The customs officer hesitates. "You will be receiving this trunk?"
"Of course. I've got a spare hammock," Doc says with a wink.
The customs officer stares at him. "I was expecting to meet someone... The name was Lopez."
"Oh, they shot him weeks ago," Doc explains nonchalantly.
"Dead?"
"You know how it is round here. Friend of yers?"
"No, no," the officer protests hurriedly.
"Well, that's how it is." He brings up his bile again and spits it out into the hard sunlight. "They say he used to help... Oh, the undesirables... Well, to get out... Oh god, I'd like a drink. Ora pro nobis."
"I have a little brandy," the officer offers.
Doc regards him sharply. "Where?" And seizes his wrist. "Careful," he says. "Not here..."
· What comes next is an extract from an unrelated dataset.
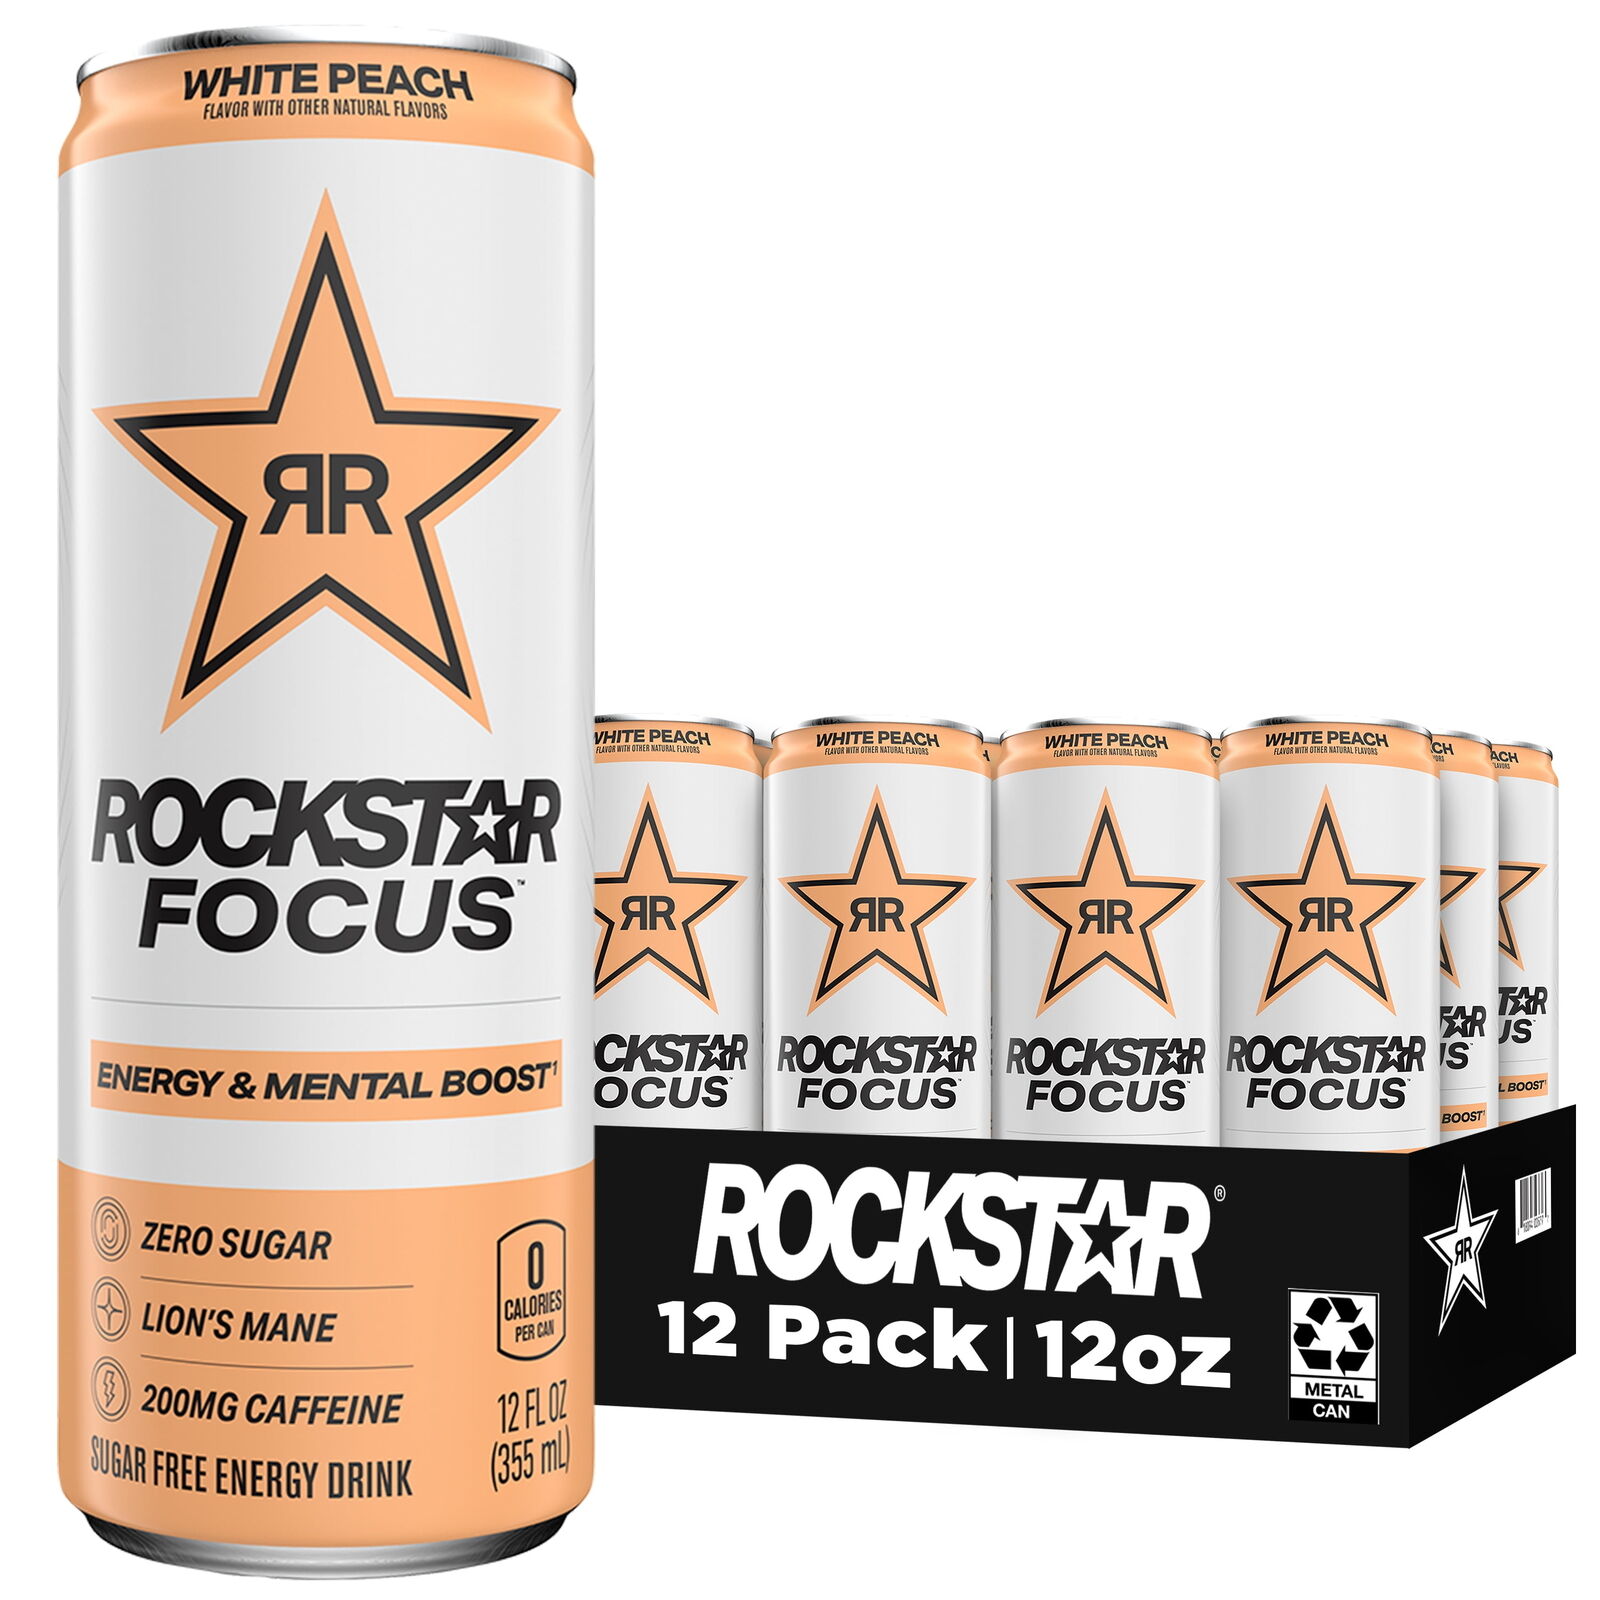 Rockstar Focus Zero Sugar Energy Drink, White Peach Flavor, Lion’s Mane

A sentry sat nearby on an empty crate, asleep.
"Come to my place," the Doctor entreats.

I follow at a distance, of course. There was still no paving, but the ground was hard under the feet, like stone. Ahead, I could see a little wooden hut, one storey high with a veranda where a hammock swung. At least he hadn't fabricated this detail. The hut was a little larger than the others in the narrow street which petered out 200 yards away in a semi-toxic dump. Doc leads the way inside the pungent and dim back reaches of his own apothecary, being sure to lock the door behind him. But I am already familiar with his place: a dining-room where two rocking-chairs stand on either side of a bare table, among bins of Godfrey's Cordial and Bateman's Drops, Hopper's Pills, and Smith's Medicinal Snuff. This room, where bargains are struck, strings of numbers and letters and alchemists' signs whisper'd (and some never written down) would be cobwebbed and dingy with old paint; its floor is strewn with gray sand, in a fashion that has elsewhere fallen into disuse.
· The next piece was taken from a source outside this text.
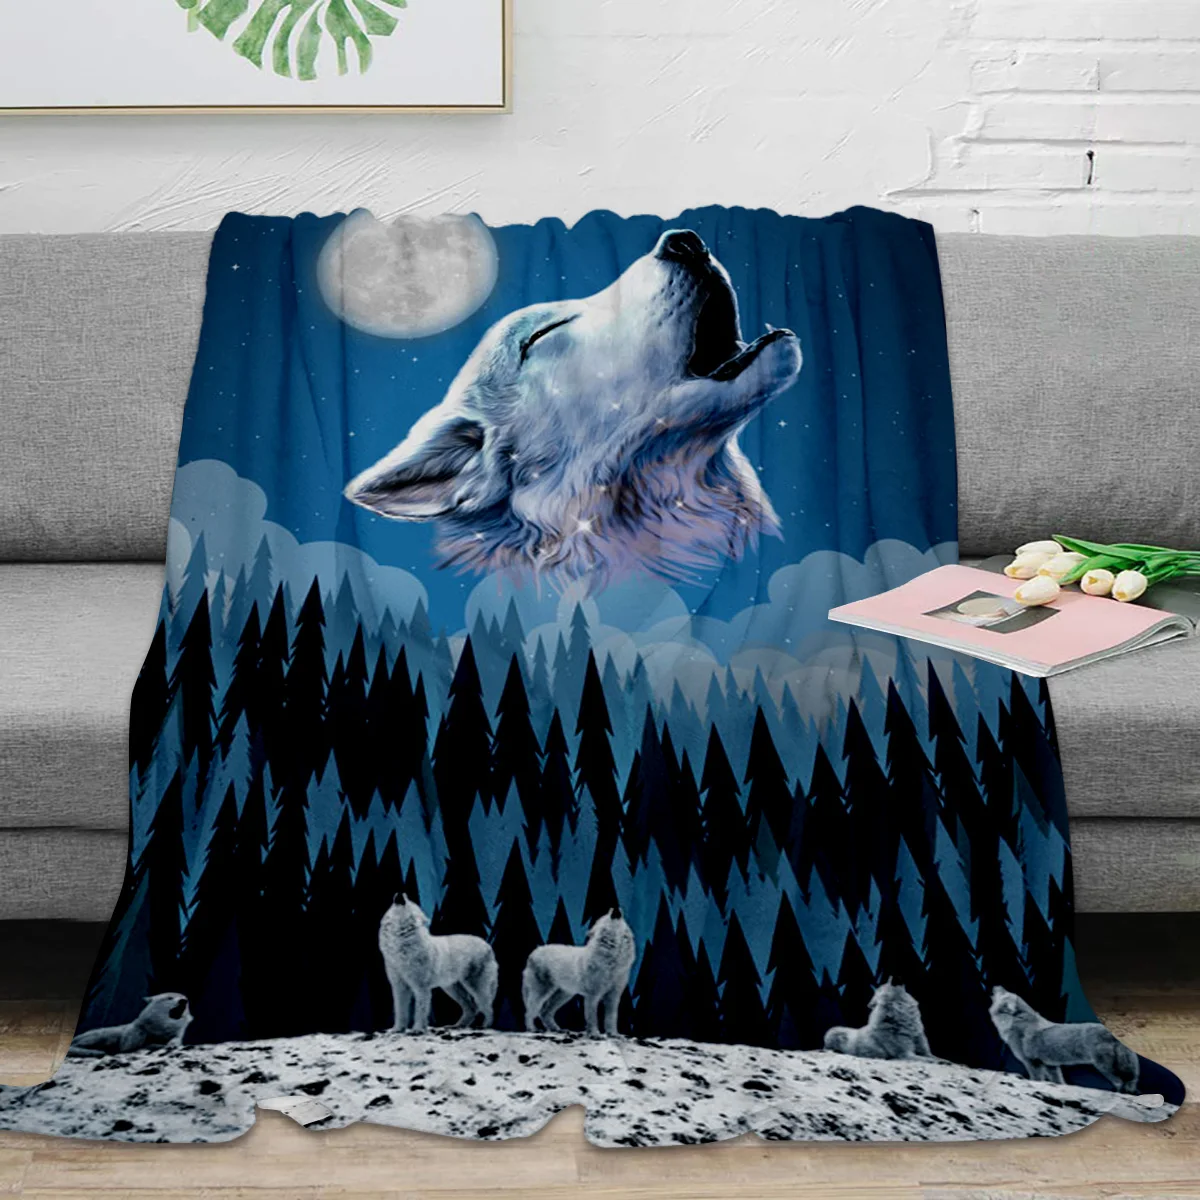 

Воющий плед из древесины с волками, луна, теплое плюшевое одеяло, портативное одеяло для путешествий, кемпинга, пикника

Once here, the Doctor could play upon the young officer as he chose. Would he arouse him with a throb of agony? His victim was forever on the rack. He needed only to know the spring that controlled the engine; - and the physician knew it well! Would he startle him with sudden fear? True, the officer eyes the Doctor with a doubtful, even fearful countenance, but he has his orders. The trunk must be delivered and signed for by a Dr. L. Roger Hubbleworth. Doc's gestures, his gait, his grizzled beard, the slightest and most indifferent of his acts, the very fashion of his garments, were odious in the custom officer's sight; a token, implicitly to be relied upon, of a deeper antipathy in the breast of the Doctor...

"It's not so bad, is it," concedes the Doctor, "for this town. You can't imagine the difficulties... I'll get the glasses out, but first I'd like to show you - you're an educated..."
The operating-room looks out on a yard where a few turkeys move with shabby nervous pomp.
"The window," the officer says, "is very beautiful..."
Forceps stand in a cup, a broken spirit-lamp is pushed into a corner, and gags of cotton-wool lay on all the shelves.